**TASK INPUTS:**
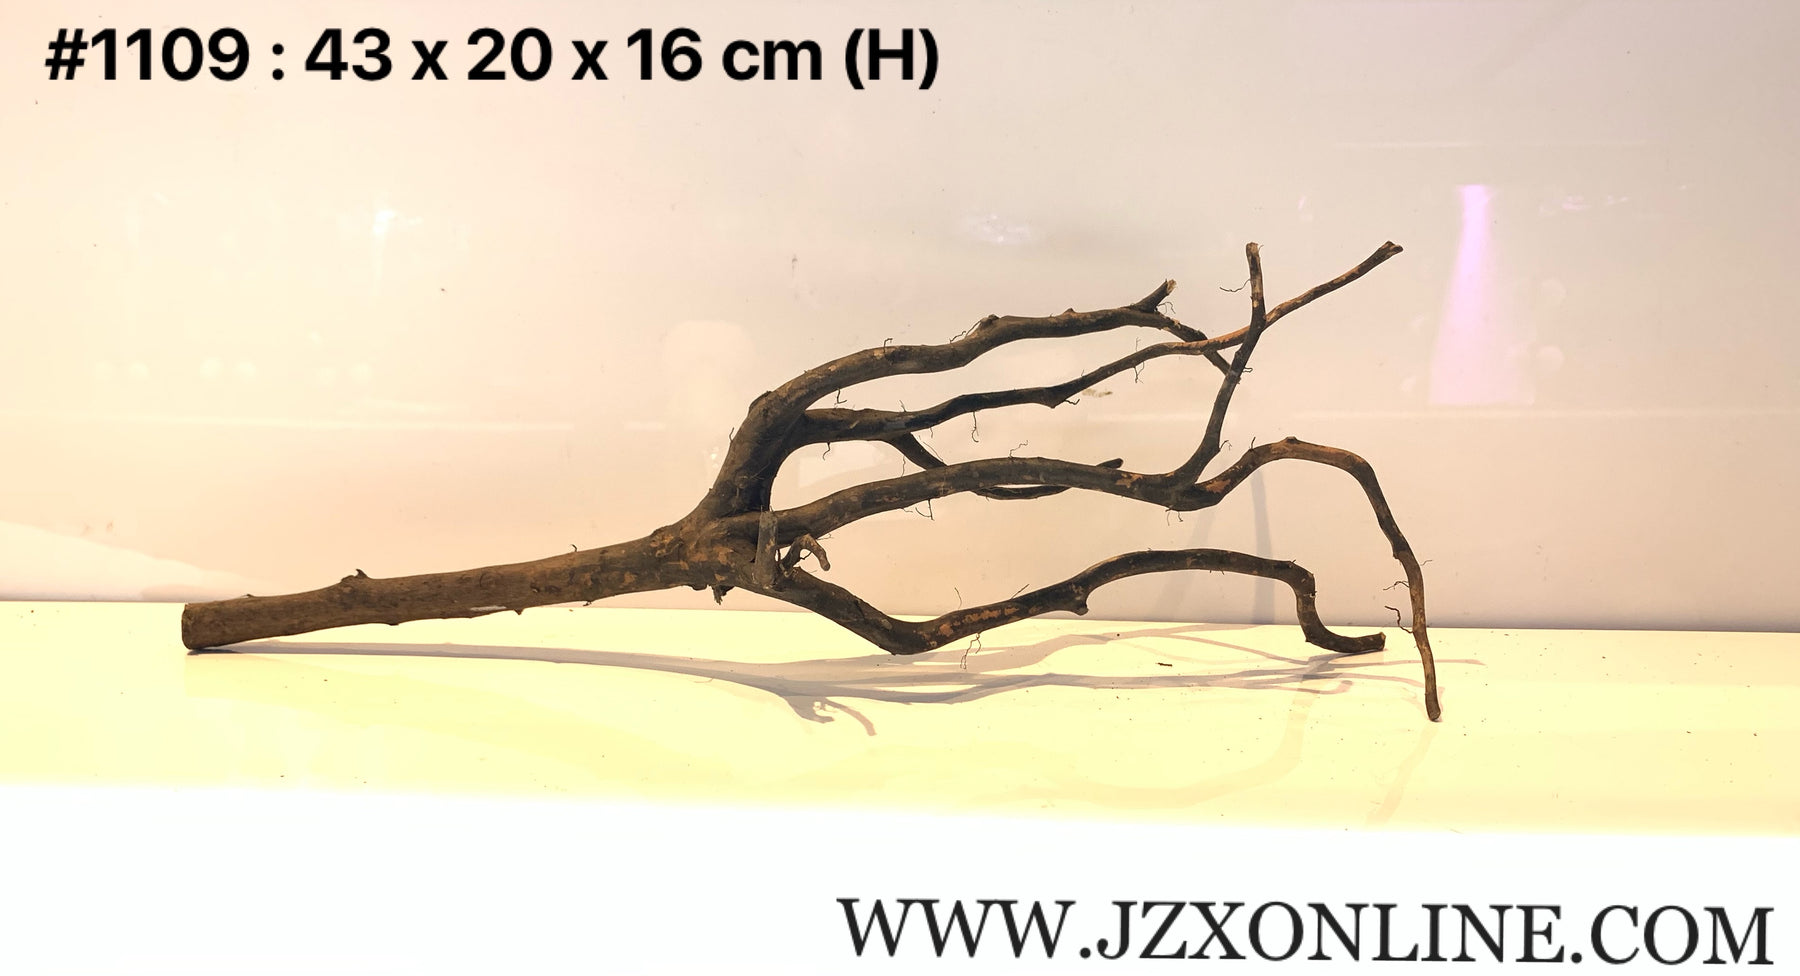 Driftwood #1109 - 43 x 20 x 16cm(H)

==

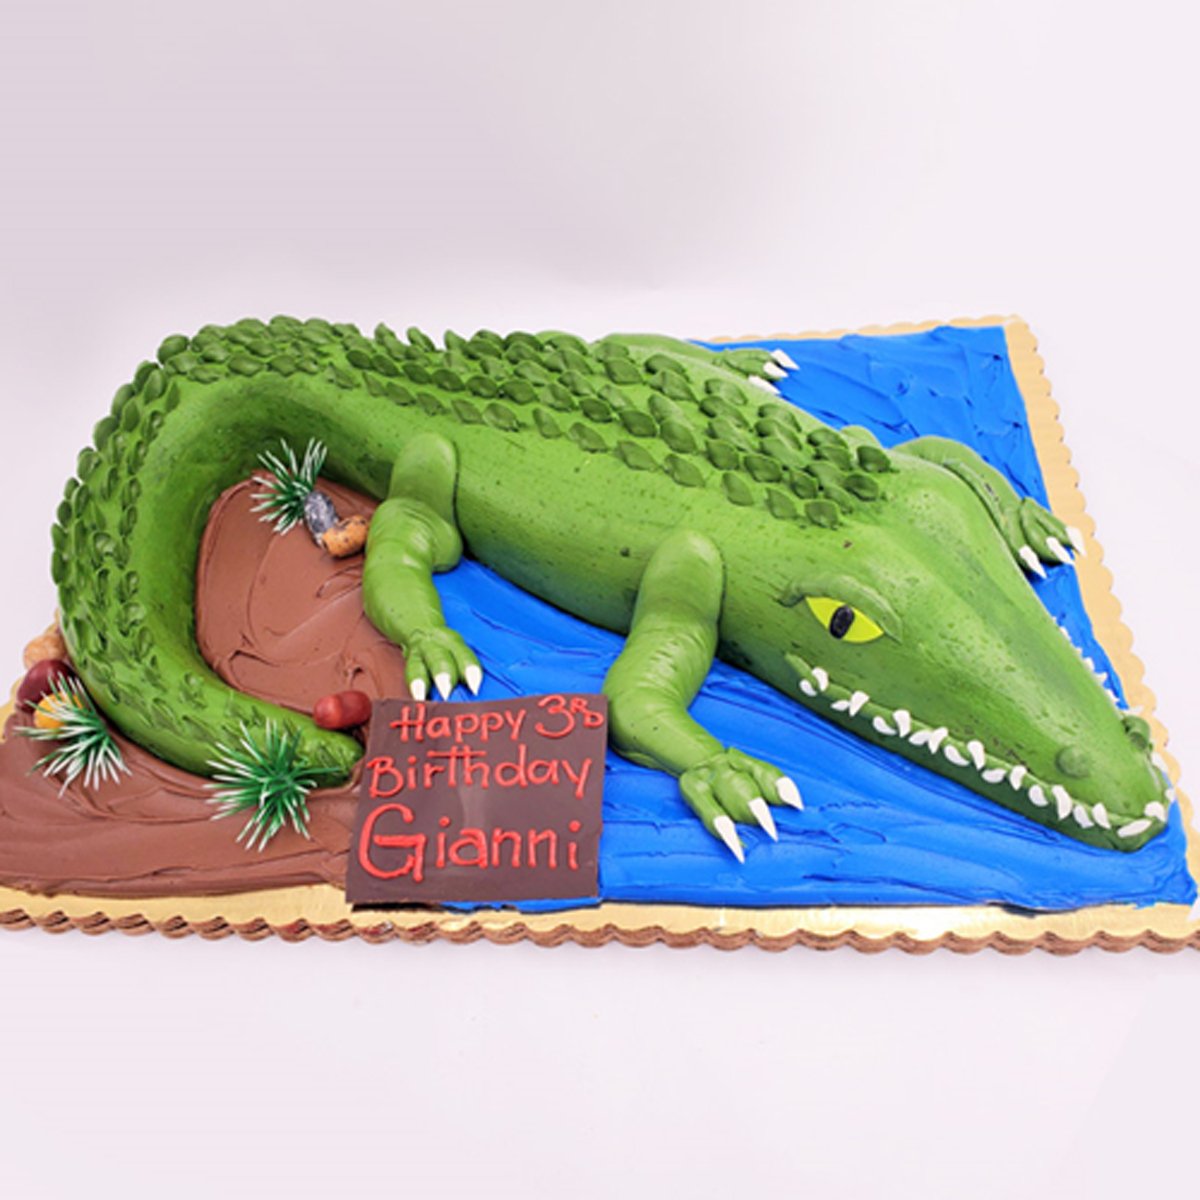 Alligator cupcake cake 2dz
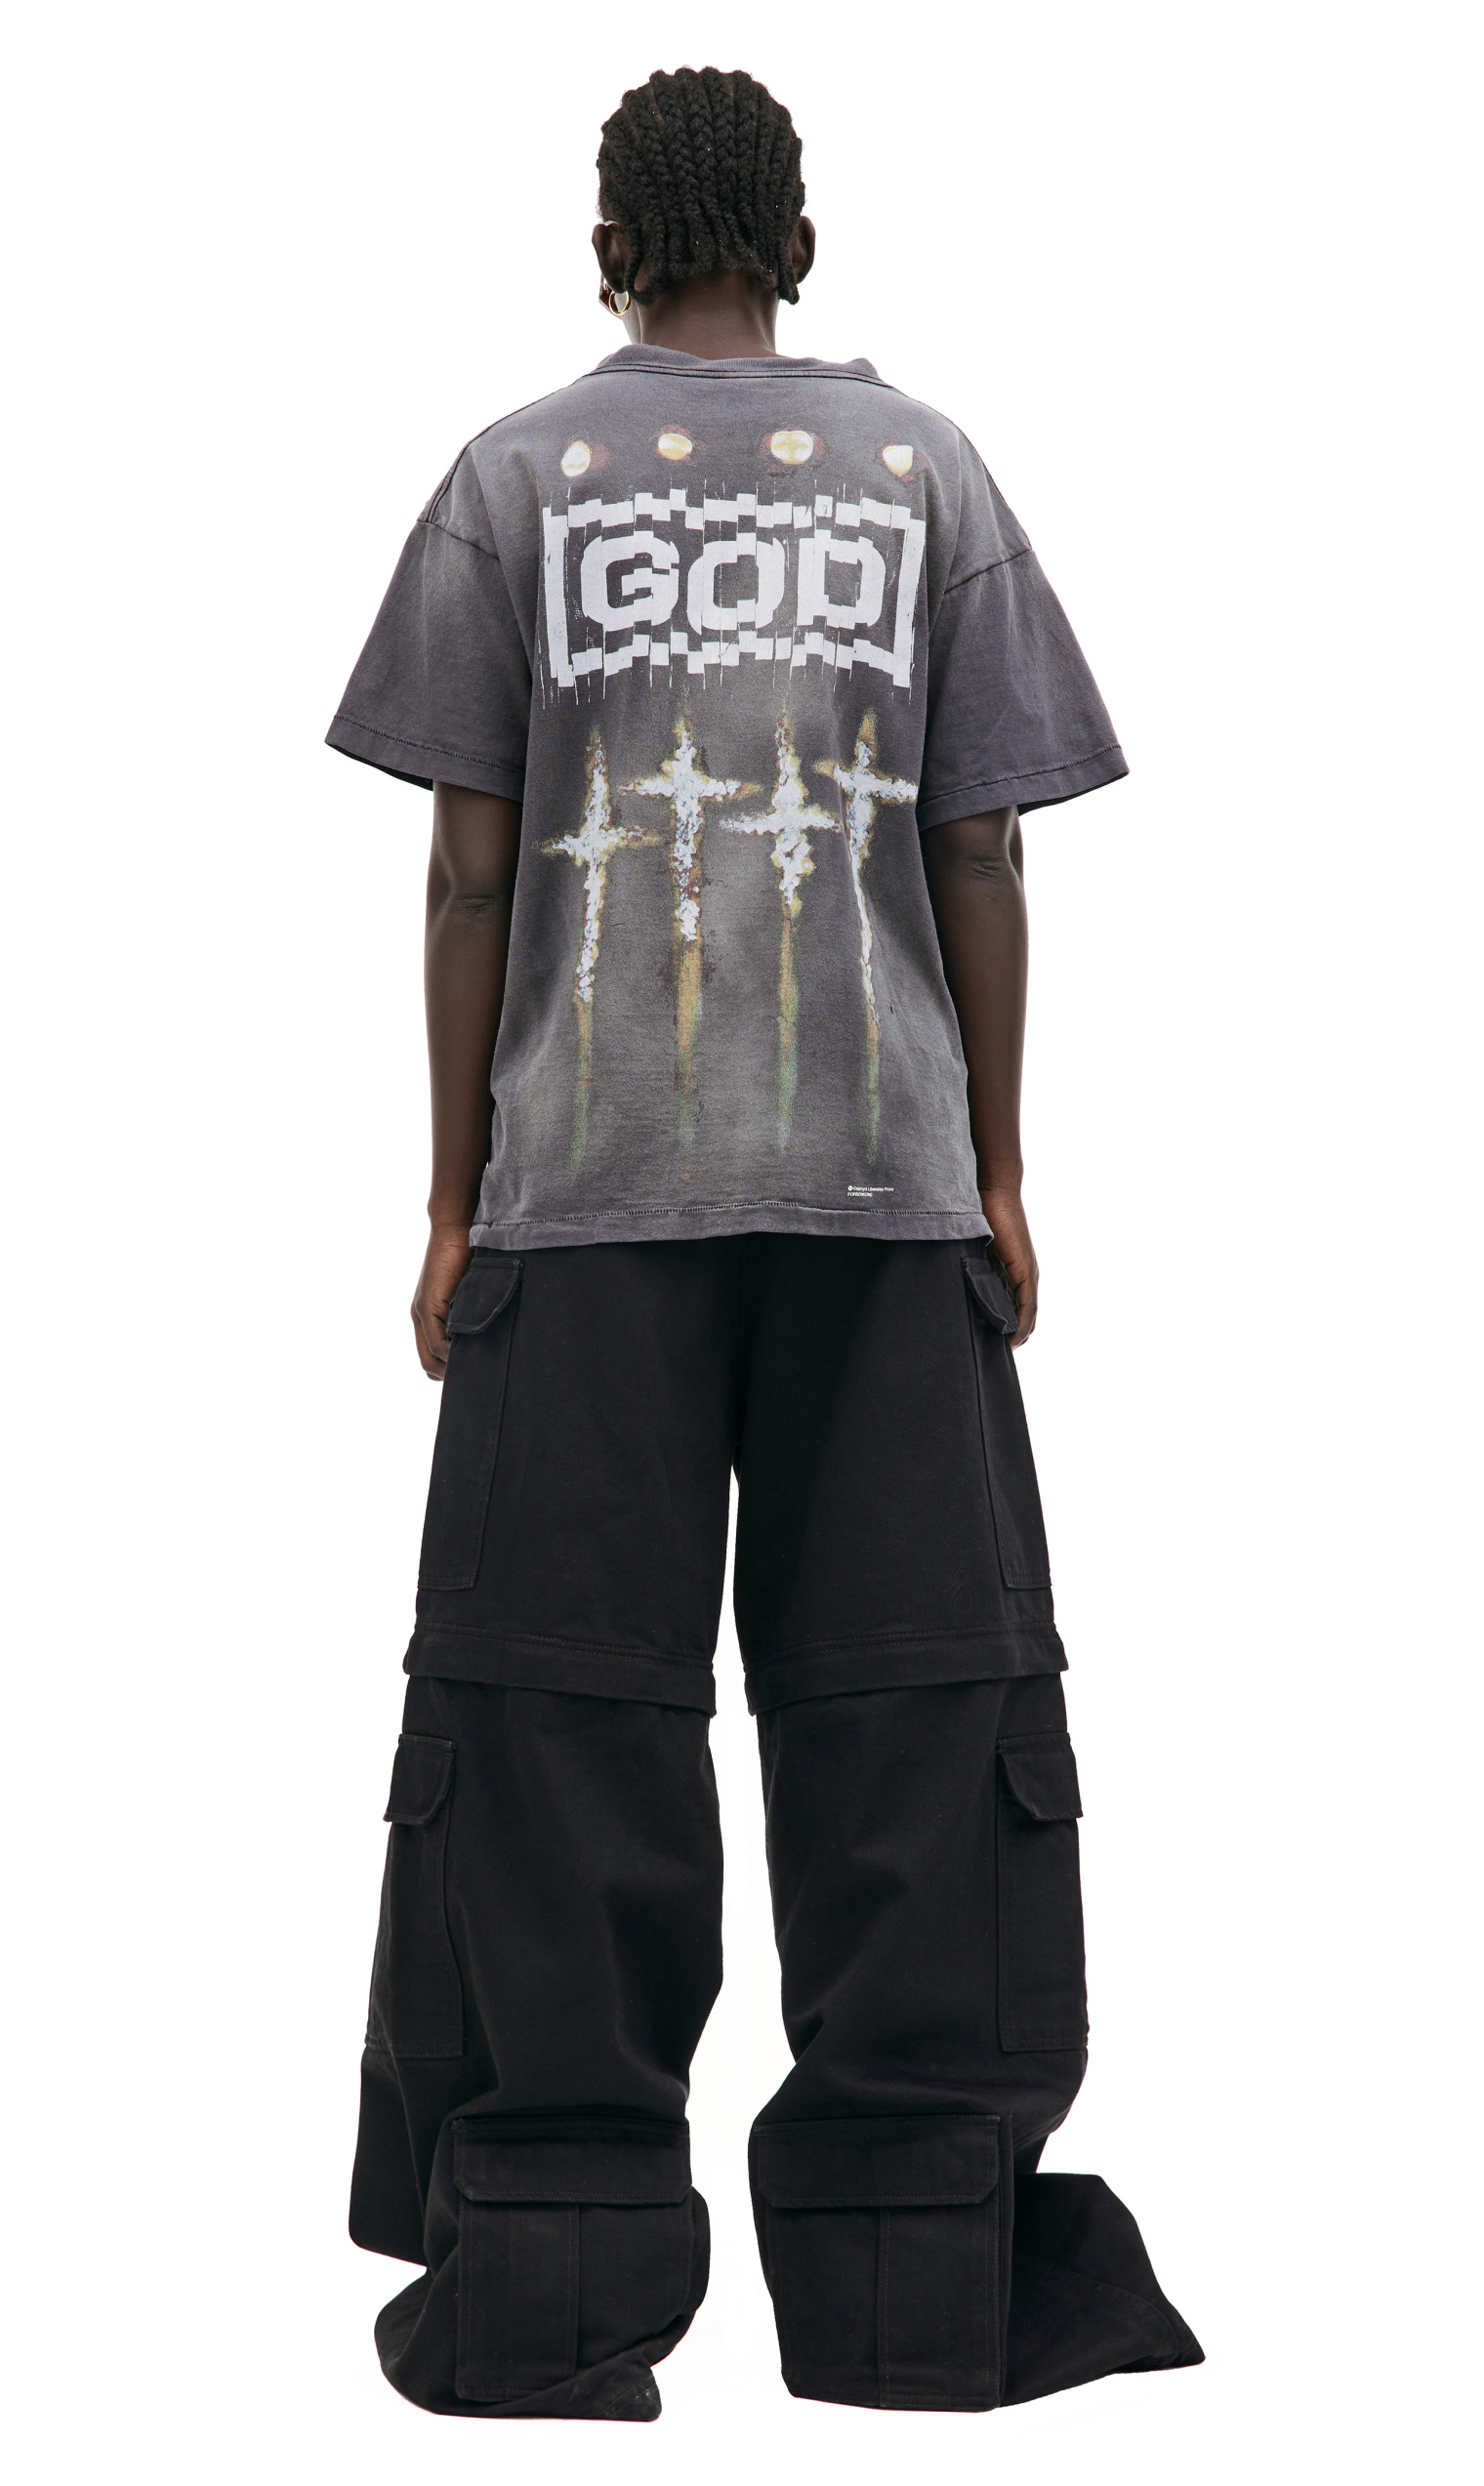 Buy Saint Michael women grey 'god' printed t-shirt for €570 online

**TASK OBJECTIVE:**
Return, exactly as they stand, the lines above from the one with "Alligator cupcake cake 2dz" to the one with "Buy Saint Michael", omitting any pictures among them.

**ANSWER TO THIS EXERCISE:**
 Alligator cupcake cake 2dz
 Buy Saint Michael women grey 'god' printed t-shirt for €570 online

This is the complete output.